Так оно выходит в одном гриме. Но однажды Саре Бернар захотелось загримироваться по-иному — и вот что она сама же сообщила Huret, известному парижскому интервьюеру: «Вы знаете, что моя мать была голландской еврейкой. Детей у нее было четырнадцать штук, причем дважды рождалось по двойне. Я была одиннадцатым произведением». Выходит, что мать Сары Бернар девятнадцати лет успела родить одиннадцать ребят! Что есть истина? Истина есть форма грима. И согласитесь, что обе биографические транскрипции крайне театральны. А знаете, где воспитывалась Сара Бернар? О, конечно, в монастырском пансионе «Небесных ласточек»[303]. Маленькая голландская еврейка в католическом монастыре — сюжет, достойный кисти Викторьена Сарду!
Она была беспокойная натура. Но в помощь ей всегда являлись инстинкт расы — расчетливой и мудрой — и буржуазная французская мораль, такая ясная и утвержденная.

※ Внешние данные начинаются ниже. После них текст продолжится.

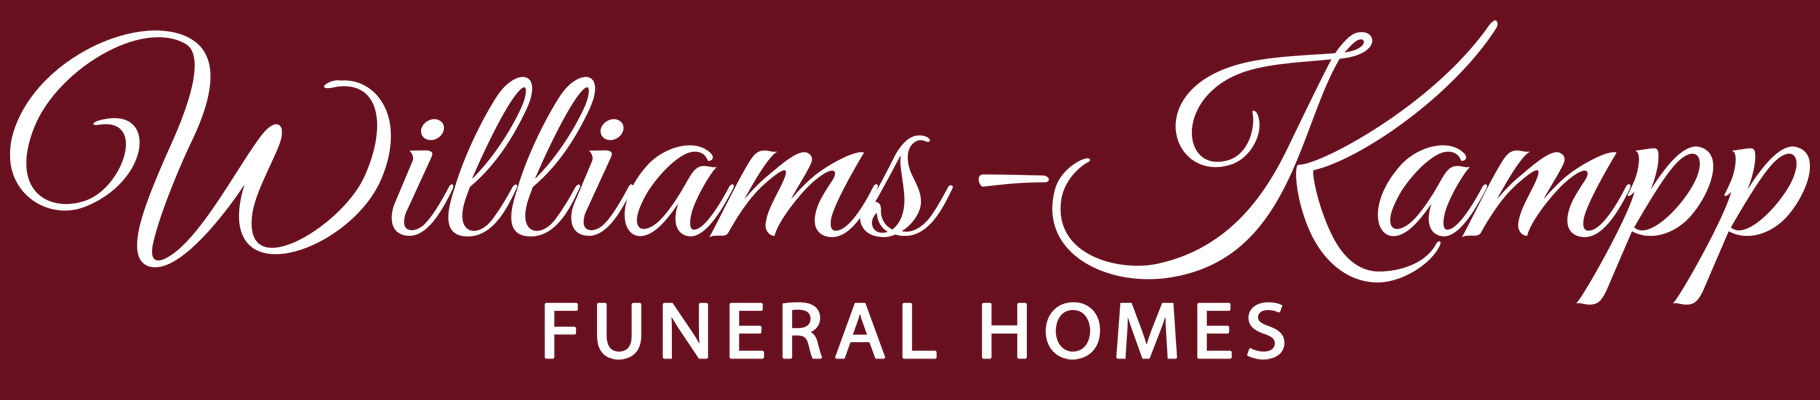 Williams Kampp Funeral Home Logo

Я не помню в точности, какие обстоятельства сопровождали ее выход из труппы Французской {324} Комедии. Но каковы бы они ни были, инстинктивно она поступала правильно, расставшись с этим привилегированным театром и с почетным званием «сосьетера» Французской Комедии. С ее натурой, при ее склонности к театральному авантюризму — о, понимая это слово в самом благородном смысле! — ей было тесно в доме Мольера. «Ищи себе более обширное отечество!» — как сказал Филипп Александру, когда тот оседлал Буцефала.

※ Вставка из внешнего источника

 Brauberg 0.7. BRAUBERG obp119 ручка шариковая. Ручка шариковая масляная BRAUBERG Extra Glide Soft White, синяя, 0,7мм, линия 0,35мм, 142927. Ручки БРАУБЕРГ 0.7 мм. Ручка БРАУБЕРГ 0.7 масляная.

Она сравнительно недолго пробыла во Французской Комедии. Ее дебют состоялся в очаровательной роли Занетто в одноактной лирико-драматической пьесе Фр. Коппе «Прохожий». Это роль мальчика, юноши. Она была худа, угловато грациозна, с плоскими формами несложившейся женщины, с необычайно певучим, как арфа, голосом, и произвела сенсацию. Но во Французской Комедии — суровый артистический режим, своего рода монастырский устав. Нужны долгие годы искуса и подвига для того, чтобы потом, в конце карьеры или пред самым концом ее, сыграть «Антигону» или «Федру». И она ушла, начав свою бурную и сложную артистическую жизнь.

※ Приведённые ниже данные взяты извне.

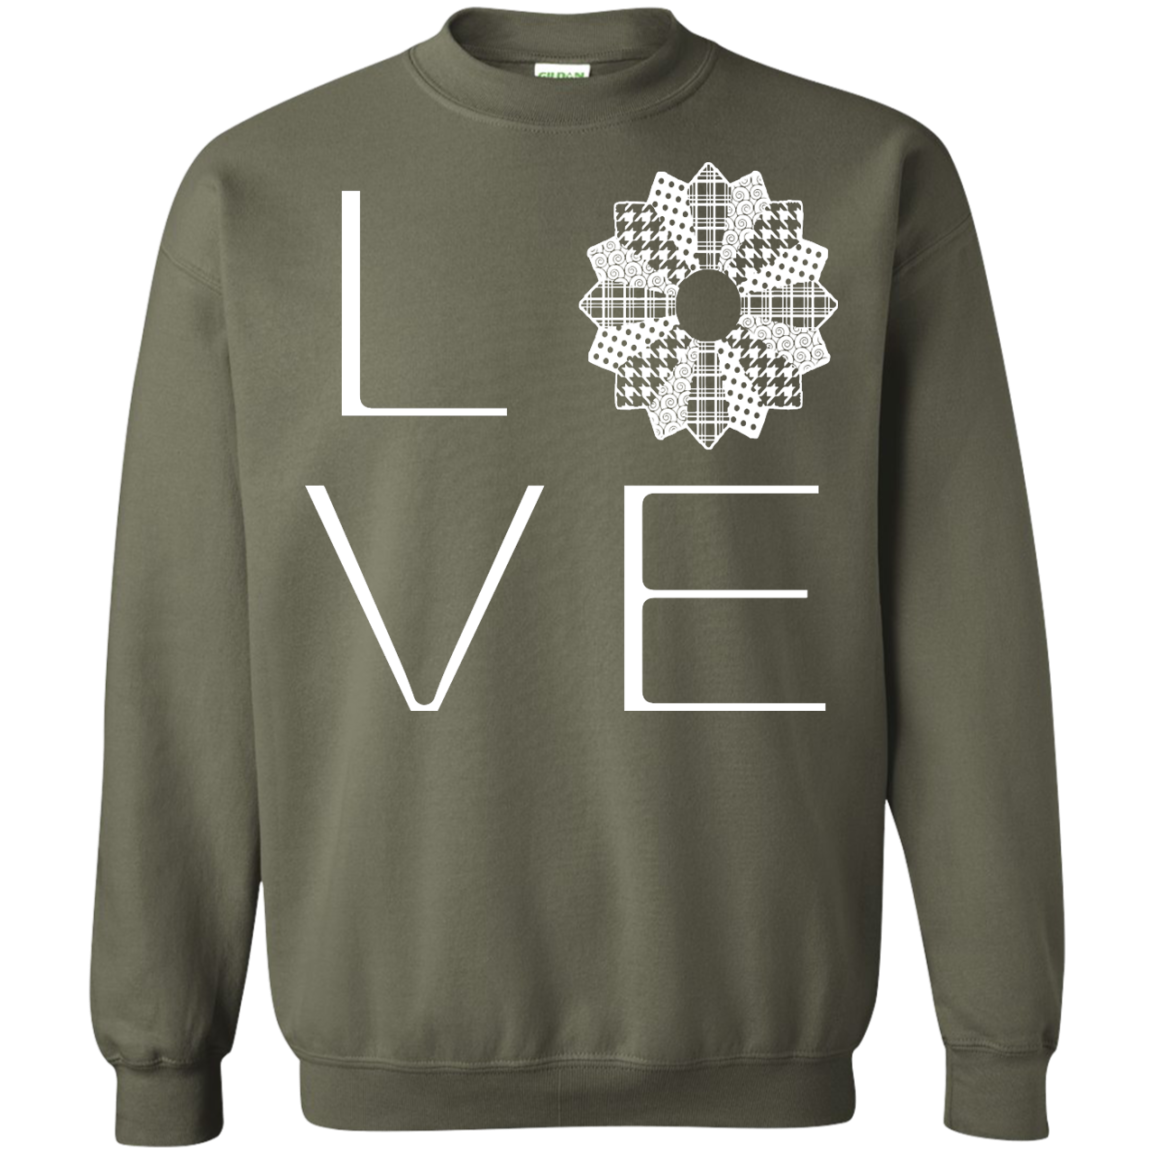 LOVE Quilting Crewneck Sweatshirts - Crafter4Life - 9

Она с головой ушла в эффекты мелодраматических маскарадов, которые назывались историческими пьесами Сарду, — все эти «Феодоры», «Термидоры», «Тоски», — а позднее, когда это прискучило, она изобрела своего шикарно-академического Ростана и изображала «Далеких принцесс»[304]. И когда уже сильно состарилась, она решила выйти — найти свои выходные двери — там же, где она обрела свою входную дверь: в ролях травести. И как некогда, худеньким цыпленком, она играла юношу Занетто, так она заиграла, уже зрелой матроной, своего Орленка[305]. Она использовала свой единственный оставшийся ресурс женщины: безбородое лицо.
{325} Если пытаться разобраться более или менее объективно в том, что представляла собой Сара Бернар как артистка, то следует сказать, во-первых, что она, скорее, великая актриса комедии, нежели трагедии. Ее сценический диалог — верх изящества, тонкости и ума. В трагических местах Саре Бернар не хватало способности сочувственно заражать зрителя муками и страданиями своей души. Я избегаю банального слова «темперамент», потому что было бы странно не признавать у Сары Бернар темперамент. Но ее темперамент был сродни внешней театральной горячности. Он был эффектен, великолепен во внешних формах выражения. Мимика отражала все движения души, но изумительный голос Сары Бернар, повиновавшийся, как самый послушный инструмент в руках виртуоза, то хрипевший, то впадавший в самый сладостный и таинственный шепот, то раскатывавшийся, подобно громам, редко западал в душу.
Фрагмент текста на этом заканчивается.